# DataWeave scripts to clean your XML/HTML code snippets for a WordPress blog post

> Learn how to clean an XML or HTML code snippet to publish in a WordPress article with these DataWeave scripts.

- **Author:** Alex Martinez
- **Published:** Sep 5, 2023
- **Category:** Tutorials
- **Tags:** MuleSoft, DataWeave
- **Source:** https://prostdev.com/post/dataweave-scripts-to-clean-your-xml-html-code-snippets-for-a-wordpress-blog-post

---
In case you're not familiar with my [dataweave-scripts](https://github.com/alexandramartinez/dataweave-scripts) GitHub repo, it's the place where I keep some of the scripts I've created to help the community with transformation questions or simply some scripts that have been handy to me.

In this post, I want to introduce you to two transformations I added because of a use case I came up with last week. Basically to help clean an XML or HTML to publish a script in a WordPress article.

## The problem

This problem started because I had written a blog post in a WordPress-based blog. I was sharing a Maven snippet (XML format). The issue is that WordPress mistook the XML tags as HTML code. So, instead of having a regular XML snippet, the article was showing something like this:

![Maven XML snippet in WordPress with its tags stripped out, leaving only the bare values](../../assets/blog/dataweave-scripts-to-clean-your-xml-html-code-snippets-for-a-wordpress-blog-post-2.png)

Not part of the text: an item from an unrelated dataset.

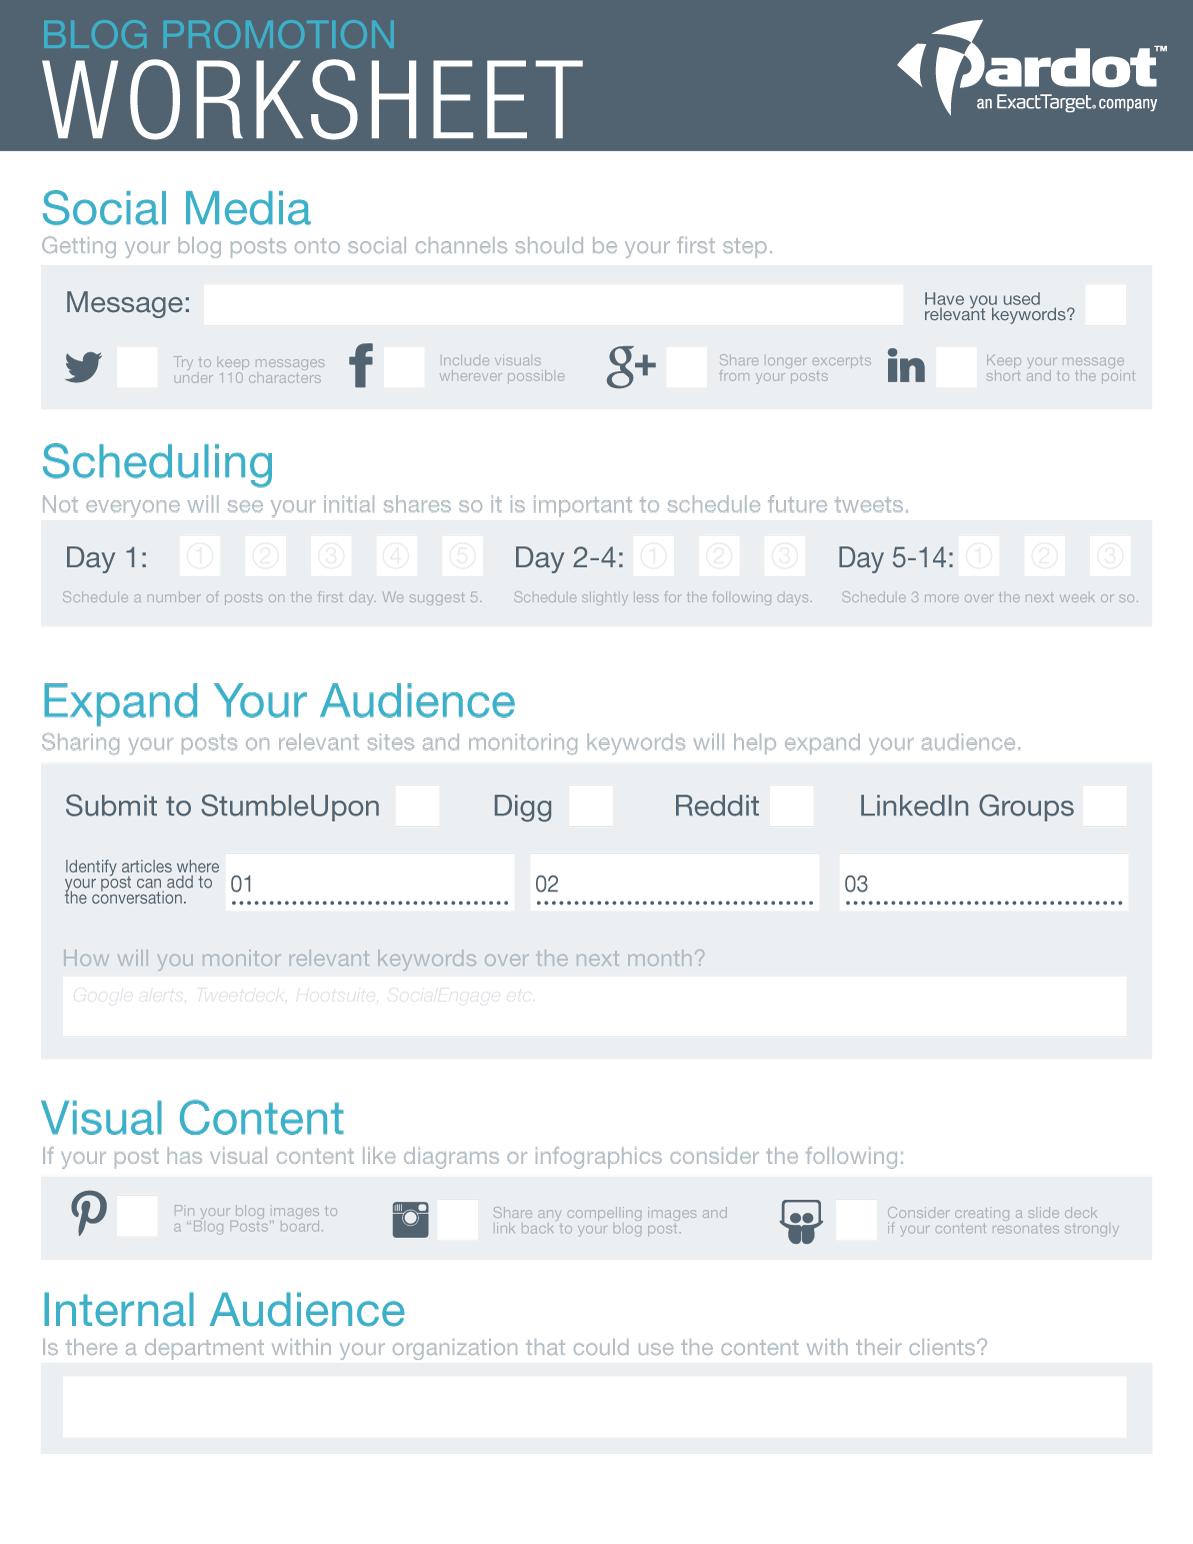 Worksheets Promotion Worksheet blog promotion worksheet you can publish incredible content but no

The fix was simple. Instead of having the regular `<` and `>` characters pasted in the code snippet, I had to use `&lt;` and `&gt;` respectively.

*(Thanks so much Julian Duque for providing the fix! I had no idea about this issue in WordPress* 🤗*)*

For example, instead of writing `<plugin>`, I had to replace it with `&lt;plugin&gt;`

I thought to myself: If I need to keep doing this for future blog posts, maybe I can create a DataWeave transformation to fix this for me so I can just easily copy and paste the new clean snippet.

These are the two approaches I came up with.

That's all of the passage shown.